It's a terrible happening and important to know really why the venture failed, rather than the old "blame the economy/market" excuse.
Lately I see a lot of green industry companies - top heavy with high-wage executives, going public with the associated high legal, accounting and of course marketing spending - then waiting for the investment bucks, grants to roll in, along with the unicorn. They're not (yet) profitable, high burn rate.
Meanwhile, the one lowly engineer is flogged to make world-class products ASAP. Or they'll just fake it like Nikola or Theranos.
It's all based on overhype, inflated unrealistic sales numbers, overpaid exec's, total focus on marketing, and the assumption that new tech is merely a crop coming in for harvest.
EV bus manufacturer ProTerra goes insolvent, municipalities have $100's million worth of buses that never made their claims for range or reliability in the first place- costing 2x that of a diesel bus, orphaned.
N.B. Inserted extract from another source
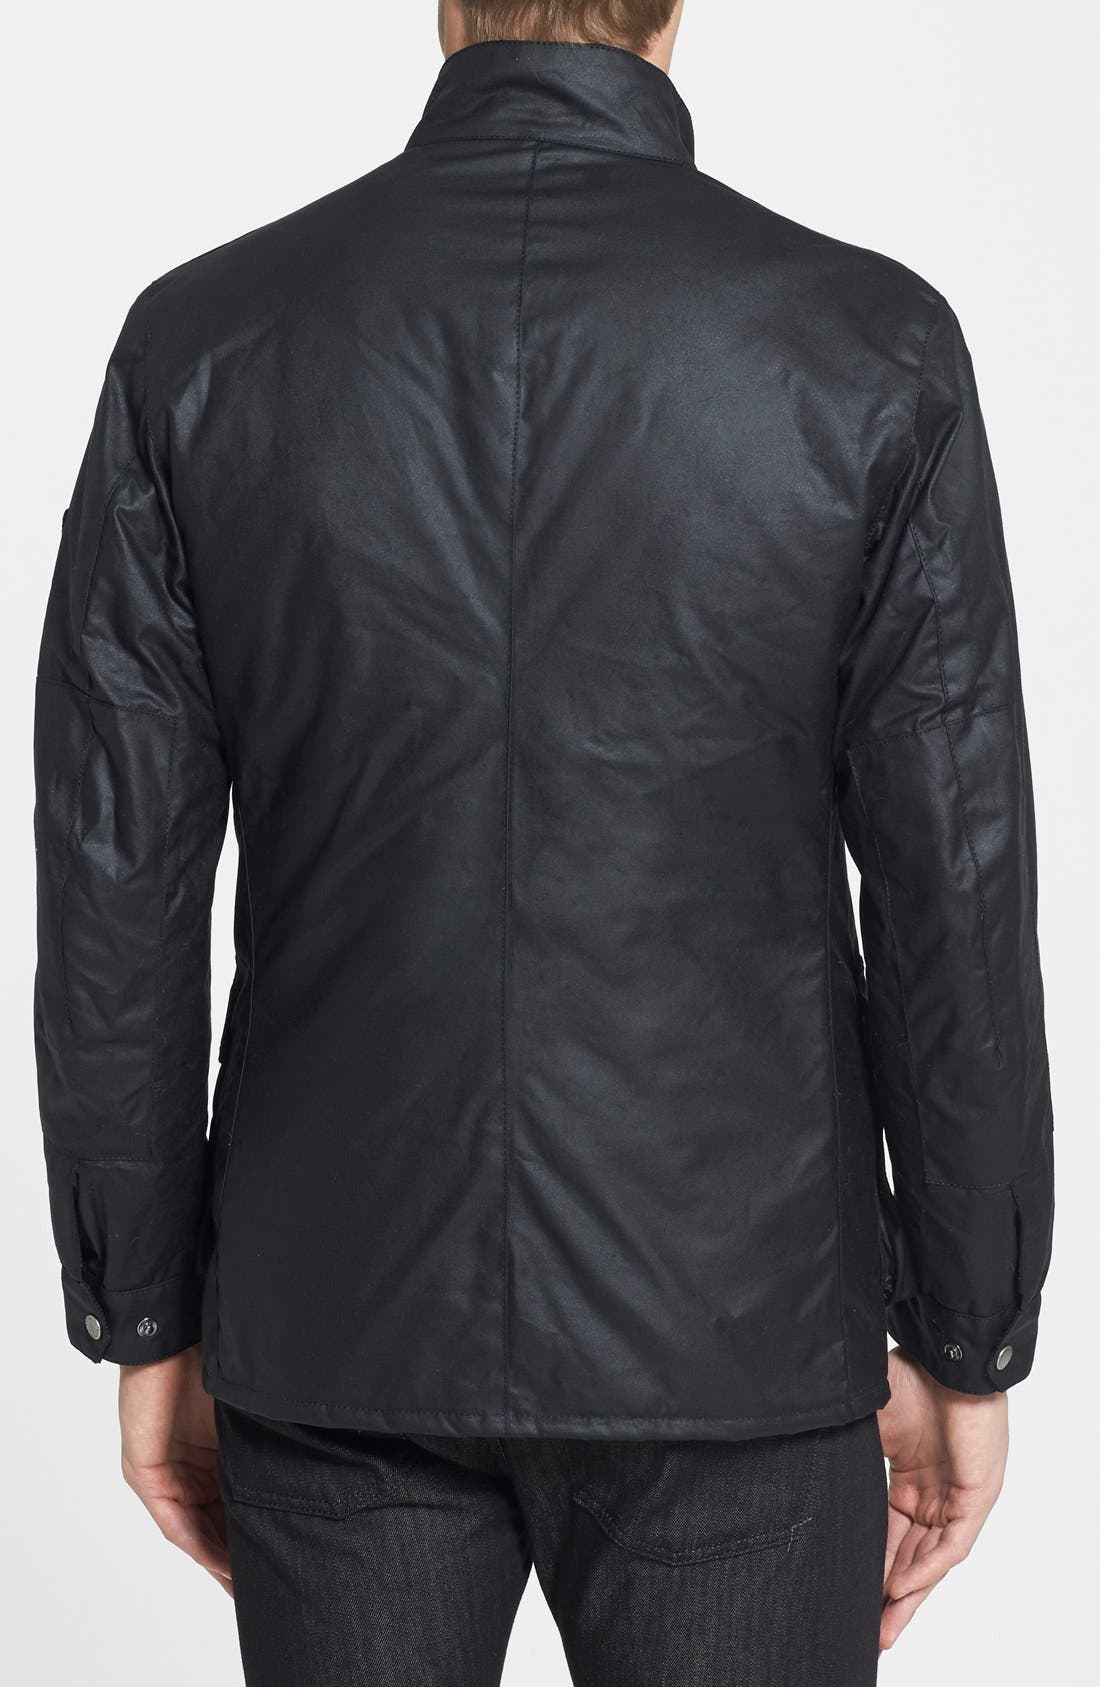 BARBOUR, 'Duke' Regular Fit Waterproof Waxed Cotton Jacket, Alternate thumbnail 2, color, BLACK

The company closes down, all warranty obligations and performance grievances wiped and then it gets bought on the cheap by Phoenix Motor. It seems to be the MBA green business plan. Blame it on a sales downturn, the economy etc. etc. but no, it's really the original business plan was "to the moon" with no ground connection lol.
The green pullback is severe whiplash for these overdone companies I think.
Downturn - Tesla is getting trashed too,
laid off 10% or 6,000 staff in California and Texas. Let's just blame the economy, not the Cybertruck fiasco, not the CEO, not the silly expensive products etc.
"Andrew Baglino, the senior vice president of powertrain and energy engineering, said on X that he had made the “difficult decision to move on from Tesla after 18 years”. This a bad omen.